SB3000 Synchronous Rectifiers regulate DC bus voltage using a vector control
algorithm. This algorithm, which is executed in the PMI processor, is also referred to
as the minor loop. (The major control loop is executed in the AutoMax processor.)

The UDC application control task passes the desired DC bus voltage reference
command to the PMI Processor in register 102/1102. The PMI Processor uses PID
(proportional/integral/derivative) logic to calculate DC bus current (referred to as Iq) in
response to the voltage reference and voltage error. In motoring quadrants, the Iq
component of current is in phase with the AC line voltage. In regenerating quadrants,
the Iq component is 180 degrees out of phase with the AC line.

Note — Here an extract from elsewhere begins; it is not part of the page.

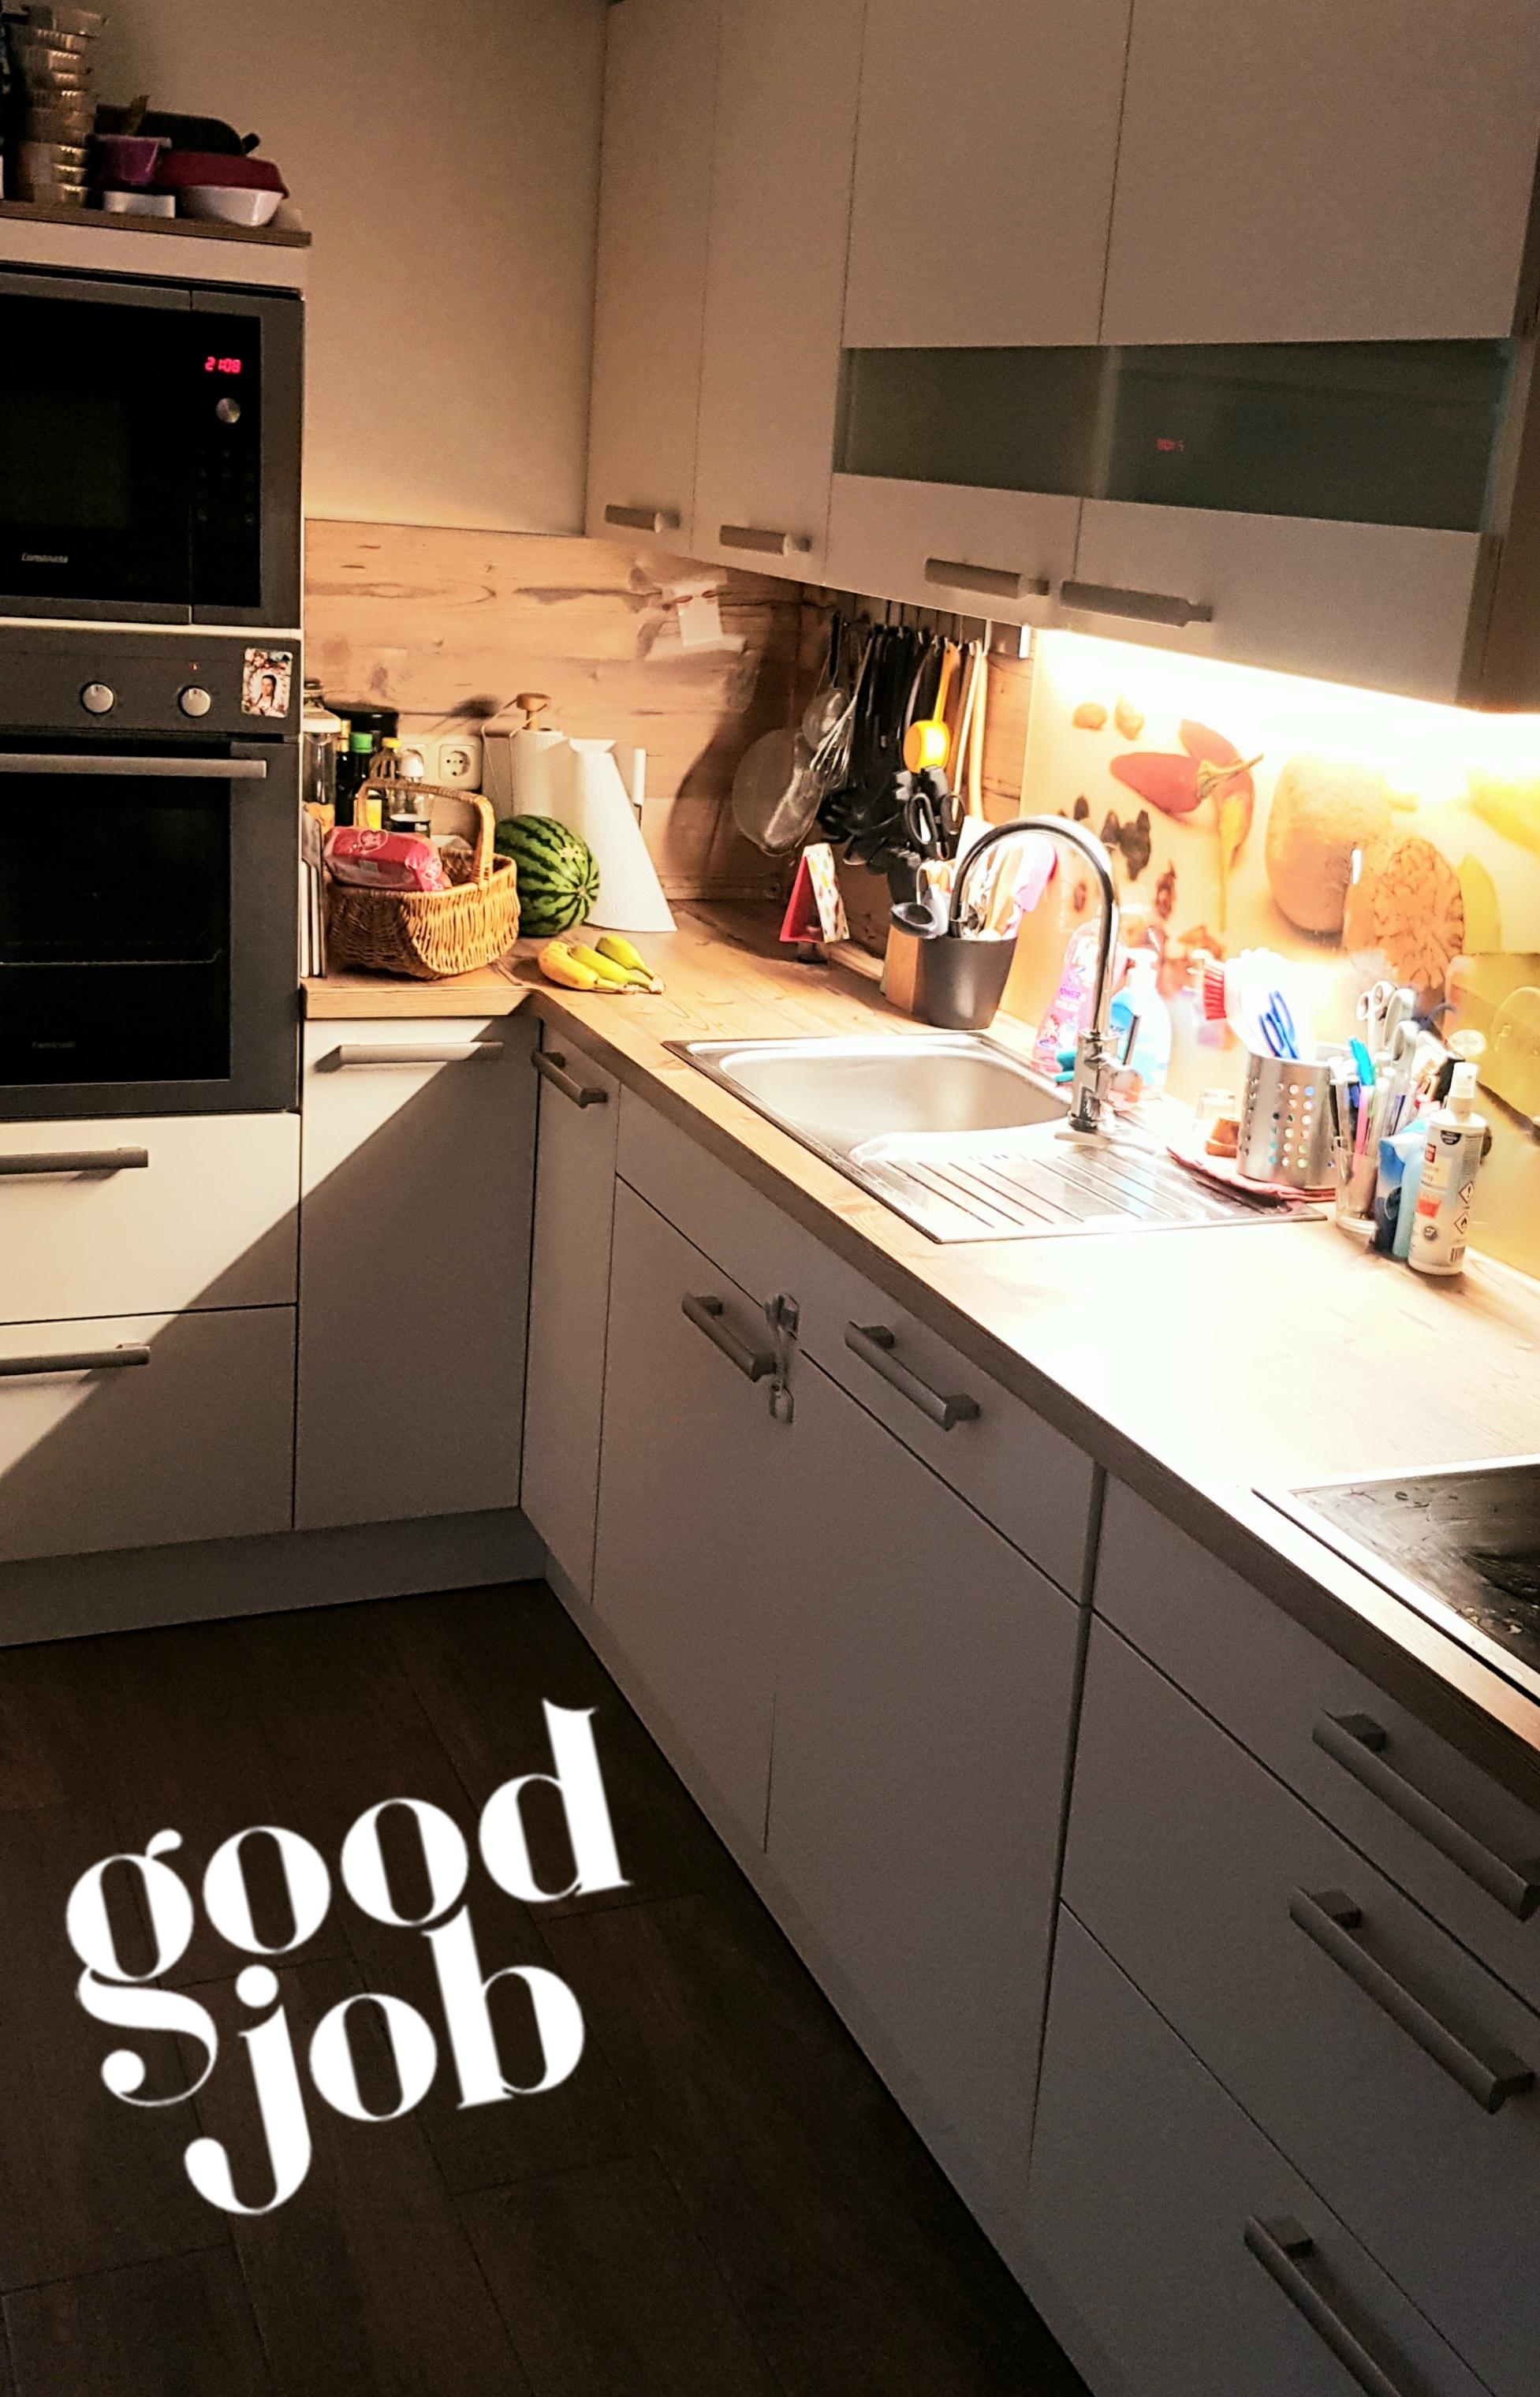 Nach langer Prüfungsphase endlich wieder eine aufgeräumte und sichtbare Küche #kitchen #sauber #zuhause #küche

The PMI Processor uses the AC line period to determine the frequency to command.
The offset between the zero crossing of the AC line and the commanded zero
crossing is used to determine the angle offset. The AC line frequency may change by
up to 1 Hz per second.

If the UDC application task provides a leading power factor current reference in
register 103/1103, the vector algorithm can compensate for a lagging power factor in
the load inverter with the second component of the current vector, referred to as Id. Id
is calculated from the value of Iq and the reference in register 103/1103. When Iq is
near zero due to a small load on the DC bus, Id can approach the reference value. As
Iq becomes larger, Id becomes smaller.

If capacity is left over after power has been supplied to the load, the vector algorithm
can produce reactive power (VARS) with a leading power factor to compensate for
other machines with lagging power factors on the same AC line. Id will be limited not to
exceed the rectifier rating. The VARS produced will be reported in register 211/1211.